Hoy hacía una entrevista a las tantas de la noche y la conversación se prolongó más allá de la entrevista. Es mucho mejor media hora de conversación con un semidesconocido que tiene algo que decir que decenas de horas por facebook con alguien que enmudece cuando te tiene delante como si estuvieras de cuerpo presente. El facebook se queda, definitivamente, para los que están lejos o para ahorrarme los SMS que tanto me cansan.

Seguramente me compraré un e-book cuando quiera hacer un viaje largo sin dejarme los riñones en el intento, que bastante tiento ya a la suerte con mis caídas de aikido.
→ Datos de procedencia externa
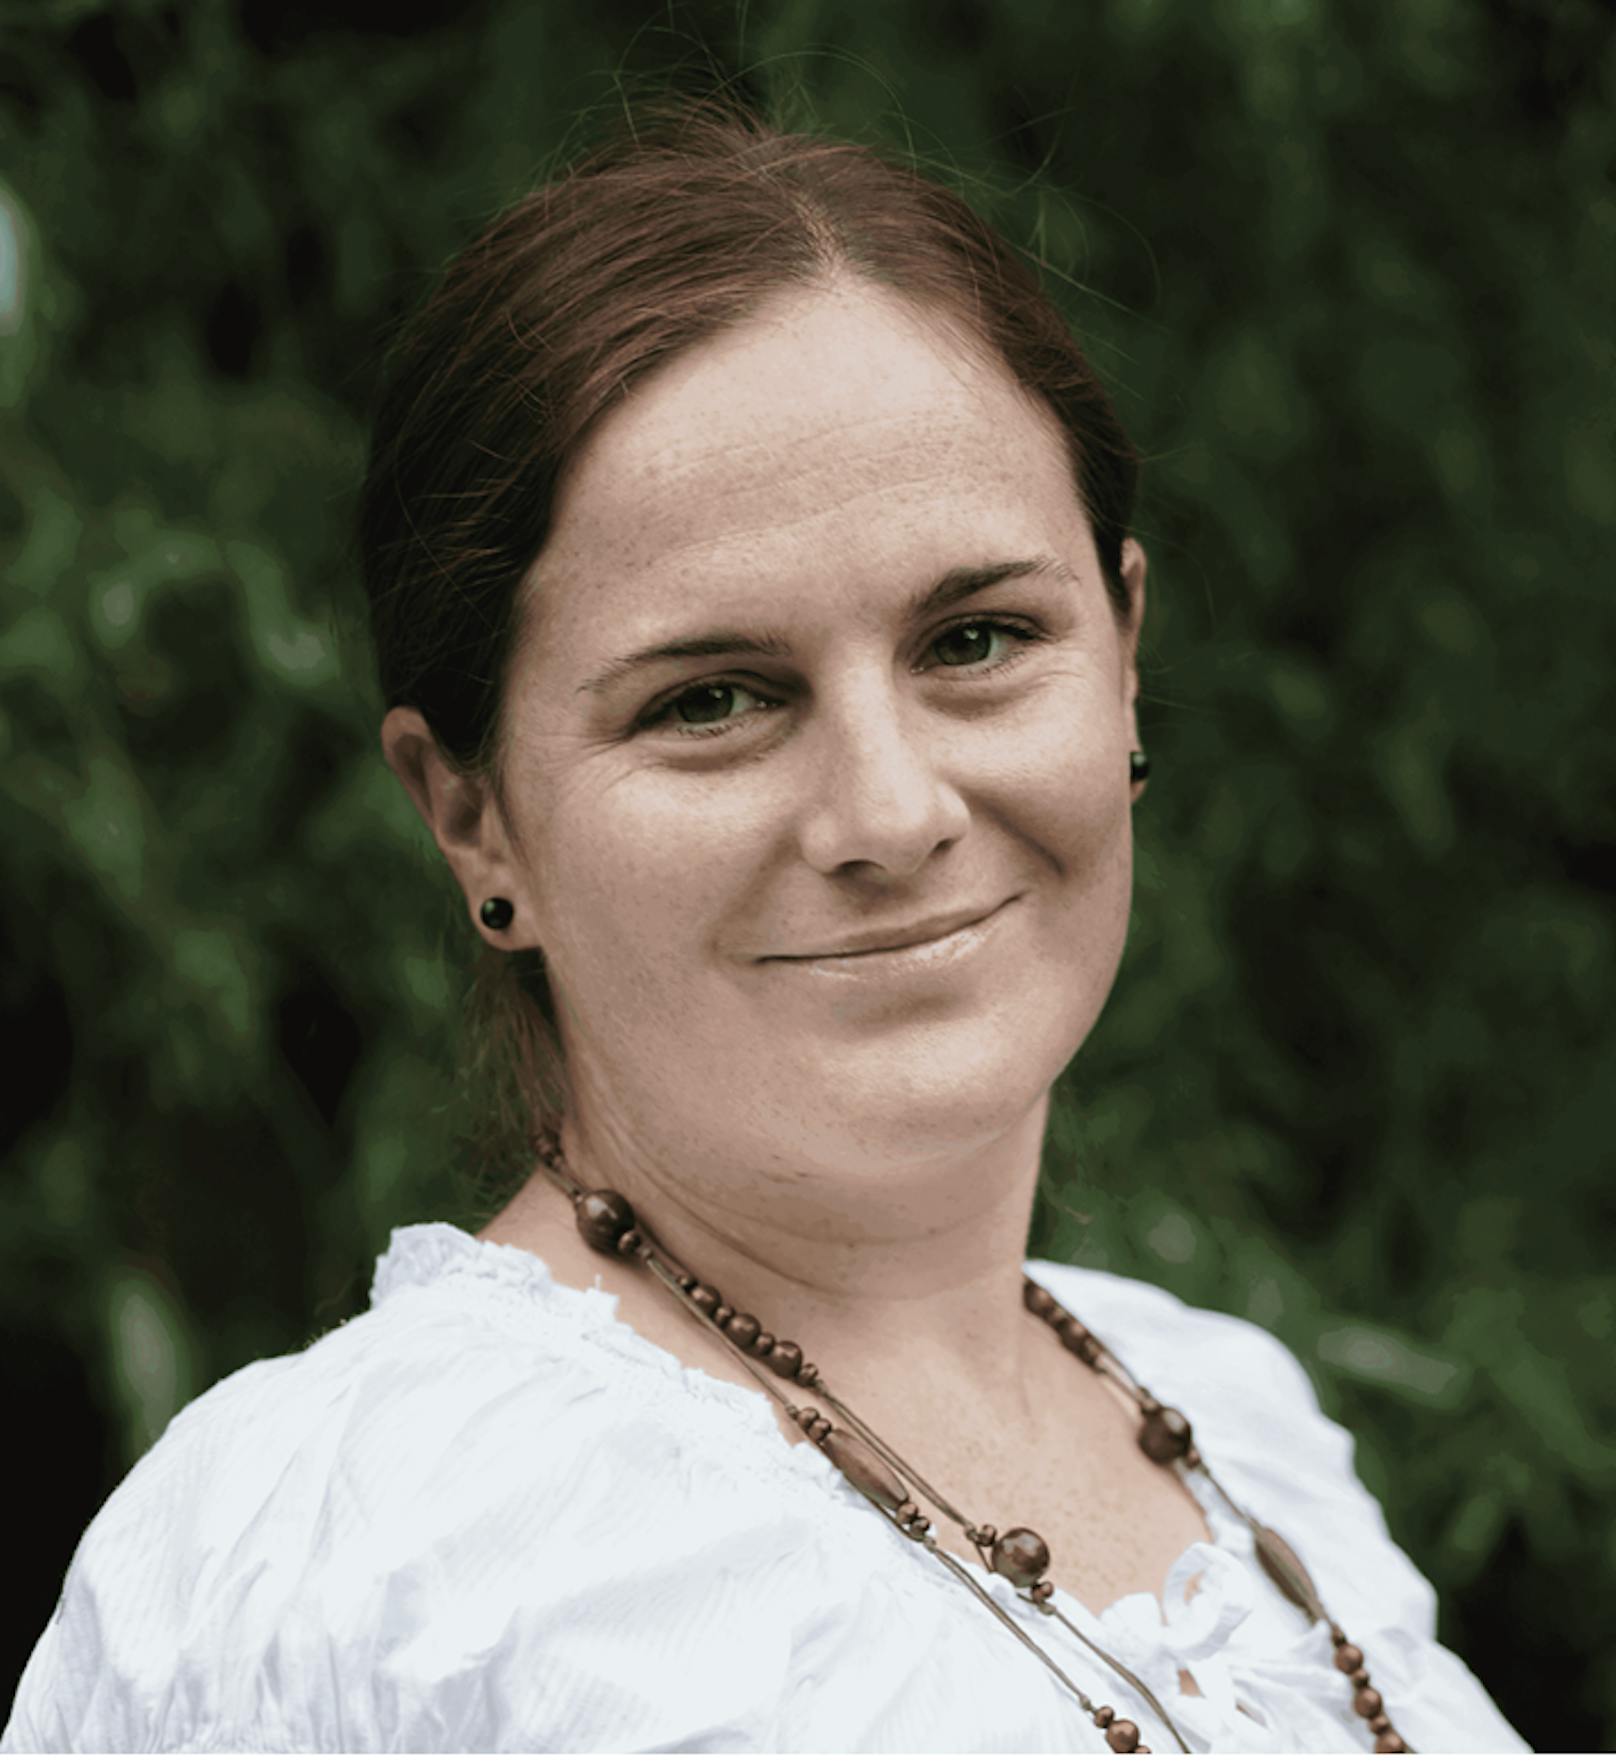 Gynäkologin Dr. Katrin Baumgarten vom <a href="https://www.sante-femme.at/" target="_blank">Santé femme</a> Institut für Frauengesundheit

Aun así, me sigue gustando mucho más la sensación de notar cómo me descuelga el libro de las manos cuando intento leer más allá del sueño. Como se me descuelgue el e-book, adiós, adiós.

Hay sensaciones que te abren una puerta. Una palabra te lleva a una canción, una canción a un libro, un libro a una foto, una foto a un gesto y un gesto a otro gesto directamente proporcional.

No sé, a mí esas cosas no me pasan con las cosas de la era digital. ¿Qué se le va a hacer?, soy un antigua.